Hollywood's Dream Hotel Returns Bigger and Better

The Dream Hollywood.  Image from KFA.

Multiple high-rise projects next to the Capitol Records Building were dealt a setback this week courtesy of the California State Geological Survey, but other Hollywood developments continue to make progress despite persistent NIMBY pushback.  Near the intersection of Cahuenga Boulevard and Selma Avenue, plans for Los Angeles' first Dream Hotel are officially back in motion. To make that news even sweeter, Five Chairs Development has asked the city for a series of zoning variances which would allow them to increase the project's size.  Revised plans for the Dream Hollywood call for a 10-story, 182 room hotel, featuring commercial space at street level and a 65-vehicle subterranean parking structure.  Five Chairs would utilize the city's bicycle parking ordinance to substitute expensive on-site automobile parking with less costly bicycle accommodations.  The hotel would also lease parking spaces for guests in an off-site garage.  The Killefer Flammang designed structure was originally approved in 2008 as a 9-story, 120 room project known as Hotel Selma.  Although Five Chairs previously expected the hotel to open in Fall 2013, plans have only recently began working their way through the Department of Building and Safety.  This stretch of Selma Avenue is increasingly busy, with both the Columbia Square development and the Camden Hollywood under construction nearby.  The J.H. Snyder Company also plans a mid-rise office tower at 1601 Vine Street, but groundbreaking is indefinitely stalled due to the bureaucratic mess wrought by the demise of the Community Redevelopment Agency.

4 comments:

  1. That's funny.
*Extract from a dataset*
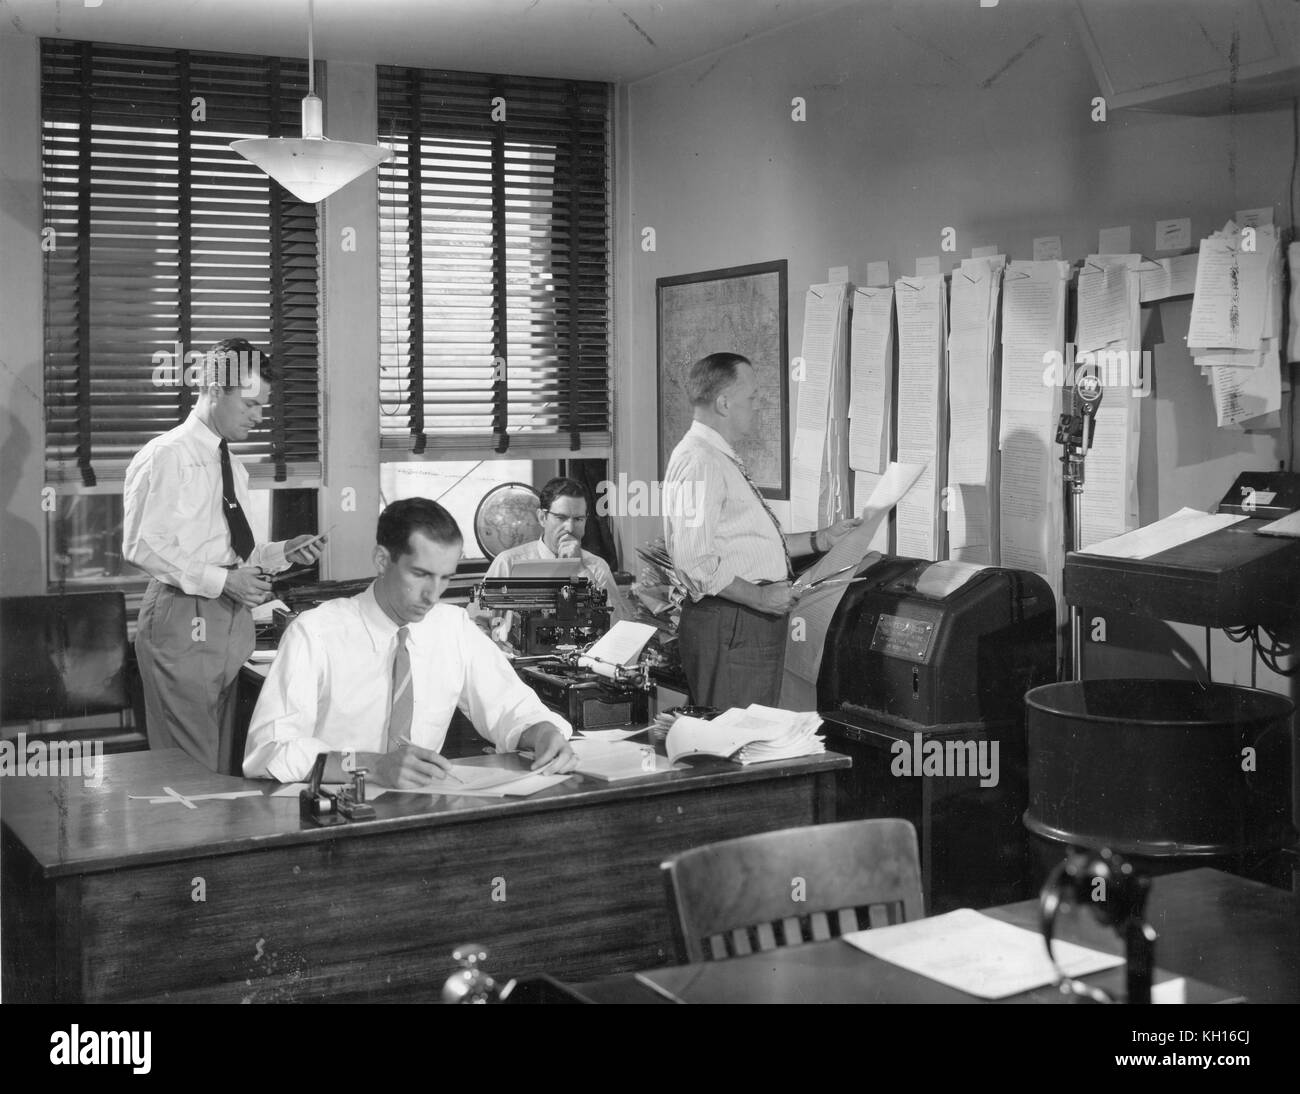 La salle de presse dans une grande station de radio américain recueille des informations par téléimprimeur de toutes les parties du monde d'être triés, édité et diffusé aux auditeurs, New York, NY, 1949. Banque D'Images

I was just looking through the files in my external hard drive and came across the old rendering of this project, wondering whatever happened to it. Glad to hear that the proposal is still around and that the design has been modified. Hopefully, there aren't any fault lines running under it.

    ReplyDelete
    Replies
    1. As luck would have it, no fault lines. Given all the 20+ story buildings proposed in Hollywood over the past year, I'd think a 10-story hotel wouldn't ruffle many feathers.